Under the rule that directors are not liable for mistakes of judgment, it follows
naturally that they are not liable for the mismanagement of the corporate
affairs where such mismanagement is a mistake of judgment. The wisdom of this
rule is not only approved by common experience but by law writers and all courts. A rule so
rigid as to hold directors personally liable for honest mistakes in corporate management
would deter all prudent business men from accepting such positions. The remedy of
stockholders in all such cases is by a change in the directory. ... The rule is that courts will
not interfere even in the doubtful cases. But directors and managing officers may be
liable for mismanagement to warrant the interposition of a court either as against
the contemplated action of the directors, or a majority of the stockholders, or to give relief by
way of damages after the action has been taken; a case must be made out which
plainly shows that such action is so far opposed to the true interests of the
corporation itself as to lead to clear inference that no one thus acting could have
been influenced by any honest desire to secure such interests, but that he must
have acted with an intent to subserve some outside purpose, regardless of the
consequences to the corporation, and in a manner inconsistent with its interests.
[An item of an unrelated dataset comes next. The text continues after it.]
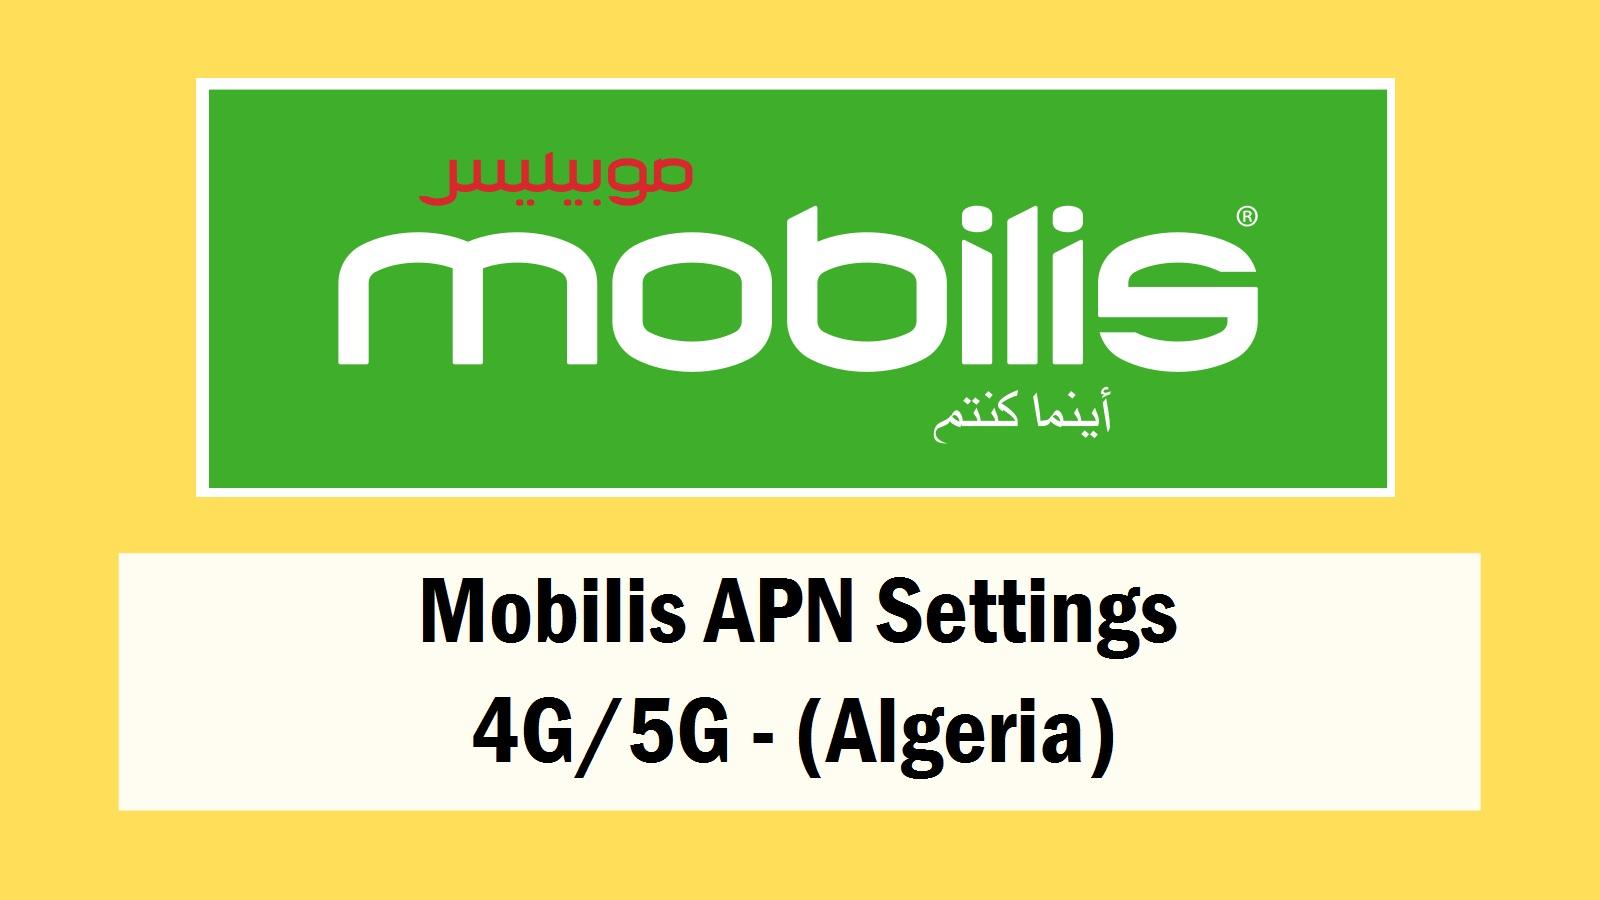 Mobilis APN Settings 4G/5G
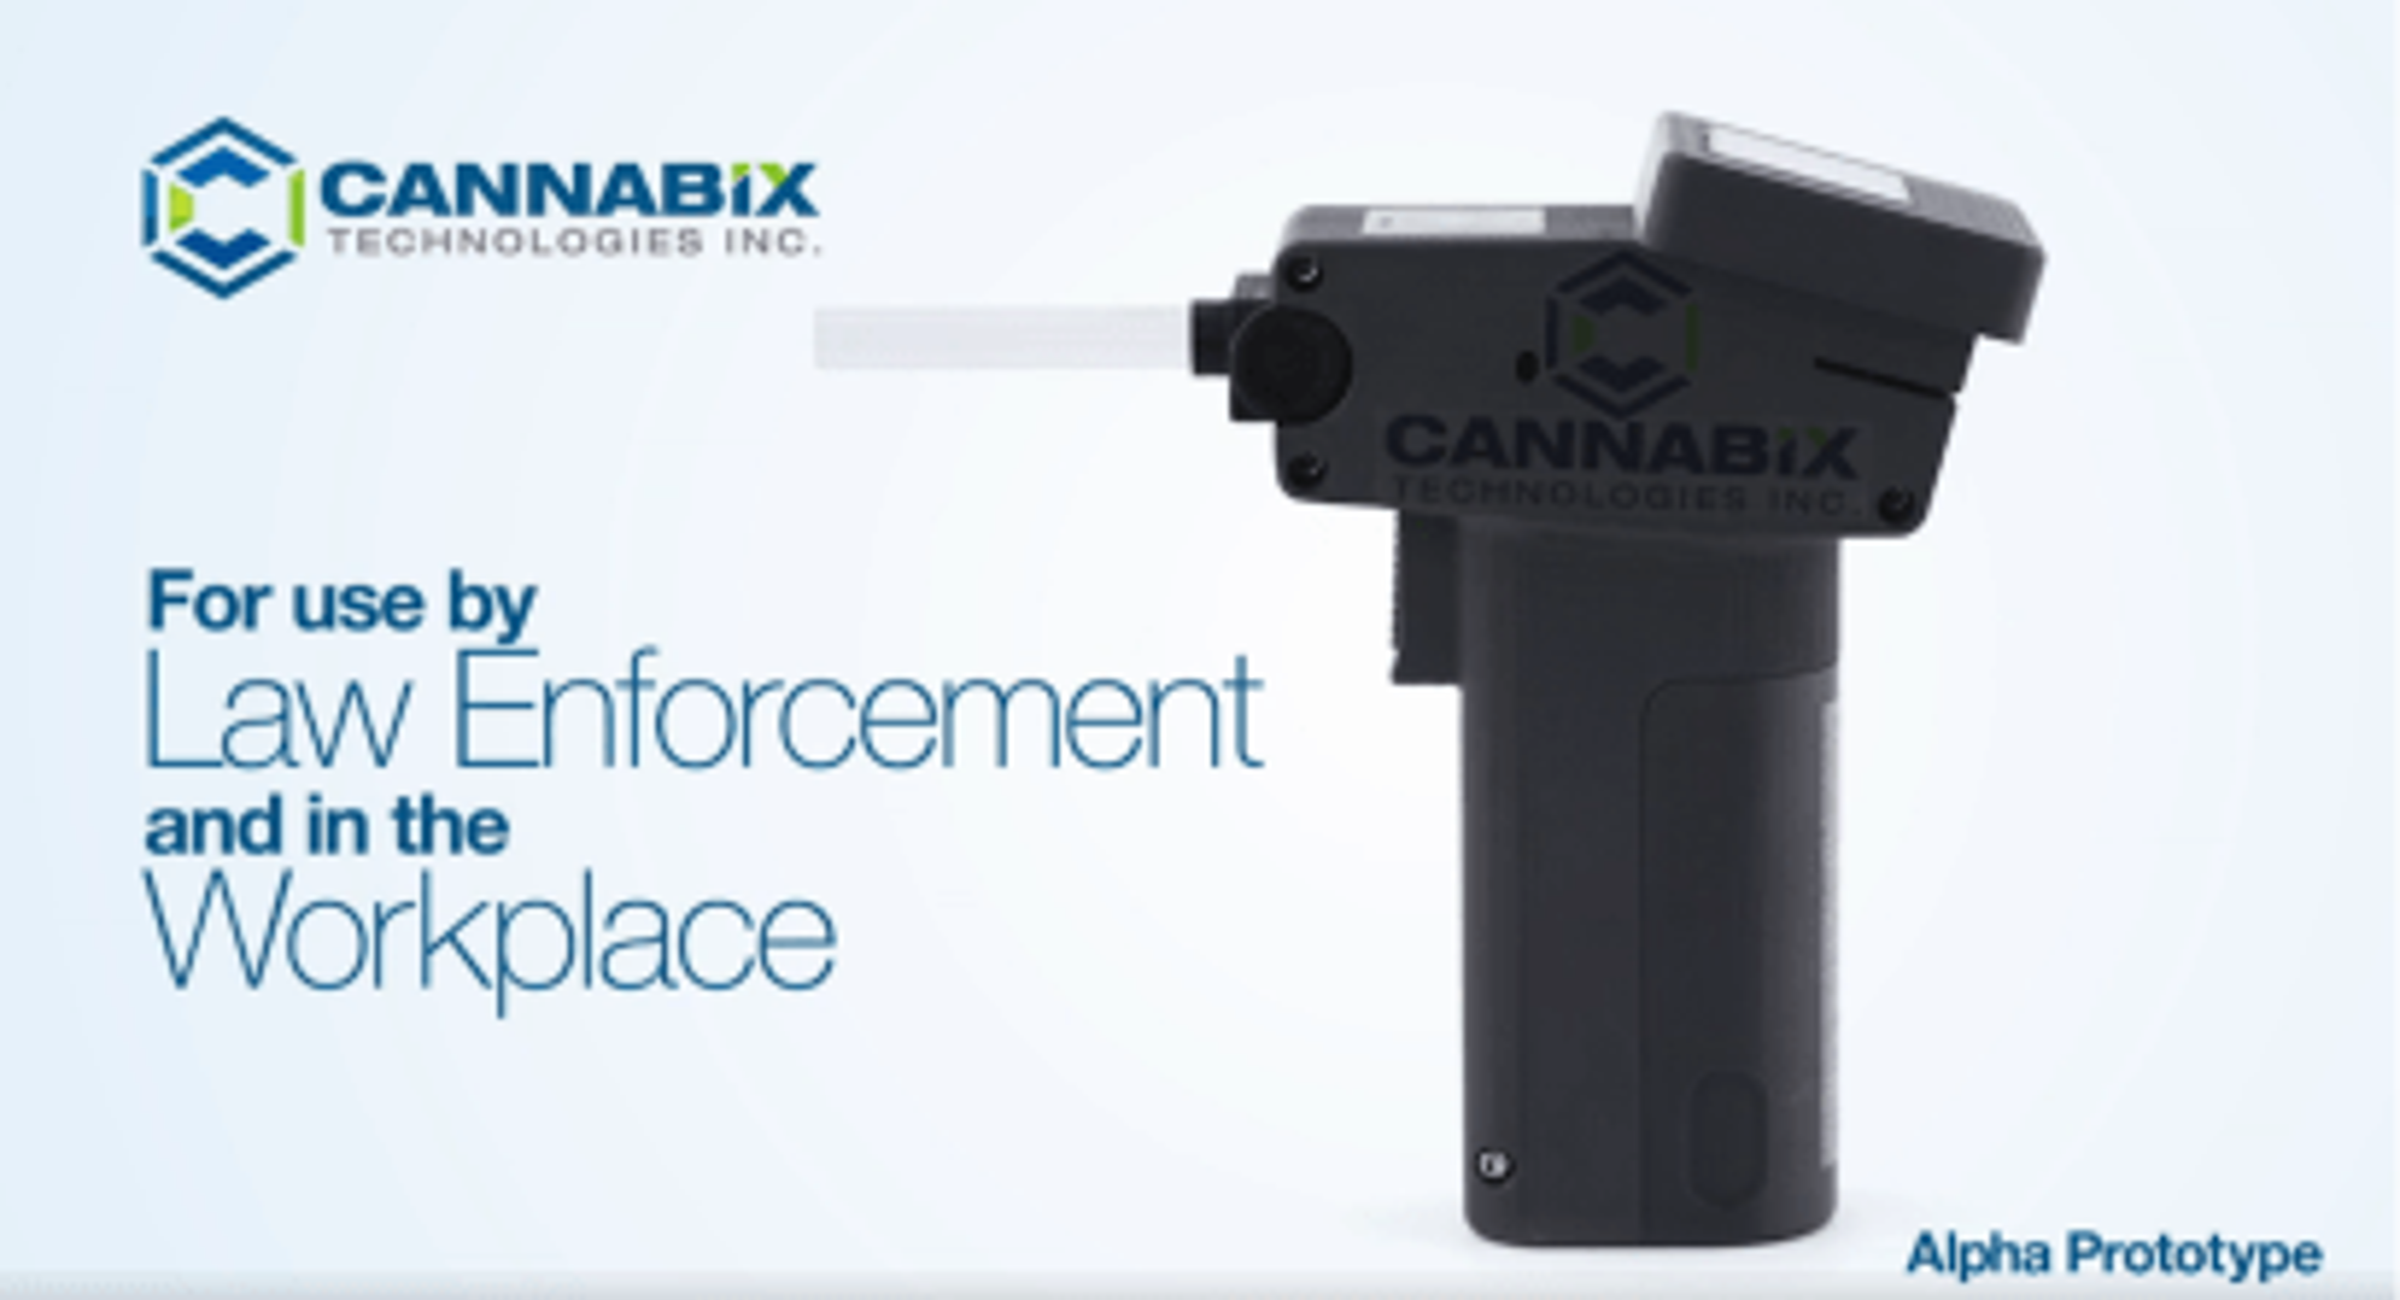 Cannabix prototype

(Thompson on Corporations, sec. 1298.)
In the case at bar, there is not a scintilla of evidence that there was any justifiable reason
for forcibly evicting the plaintiff from the ferry which he had leased. On the contrary,
the defendant councilors attempted to justify their action on the ground that the ferry
which he was operating was not the one leased to him; this, in spite of the fact that the
vice-president had personally placed him in possession of it more than a year before,
and the fact that he had operated this ferry for over year, evidently with the knowledge
of the defendants. The evidence is so clear that the ferry of which the plaintiff was dispossessed
was the one which he leased that no reasonable man would entertain any doubt whatever upon the
question. Hence, we cannot say that in rescinding the contract with the plaintiff, thereby making
the municipality liable to an action for damages for no valid reason at all, the defendant
councilors were honestly acting for the interests of the municipality .
We are, therefore, of the opinion that the defendants are liable jointly and severally for the
damages sustained by the plaintiff from the rescission of his contract of lease of the ferry
privilege in question. In reaching this conclusion, we have not failed to take into consideration the
rule enunciated in Dennison vs. The Moro Province (R.G. No. 8173, March 28, 1914; not reported),
nor the distinction made by the courts in the United States between the liability of a municipal
corporation, made such acceptance of a village or city charter, and the involuntary quasi
corporations known as counties, towns, school districts, and especially the townships of New
England. Upon the question of the amount of damages sustained, we accept the findings of the
lower court.
For the foregoing reasons, the judgment appealed from is affirmed, with cost. So ordered.
Arellano, C.J., Torres, Johnson and Araullo, JJ., concur.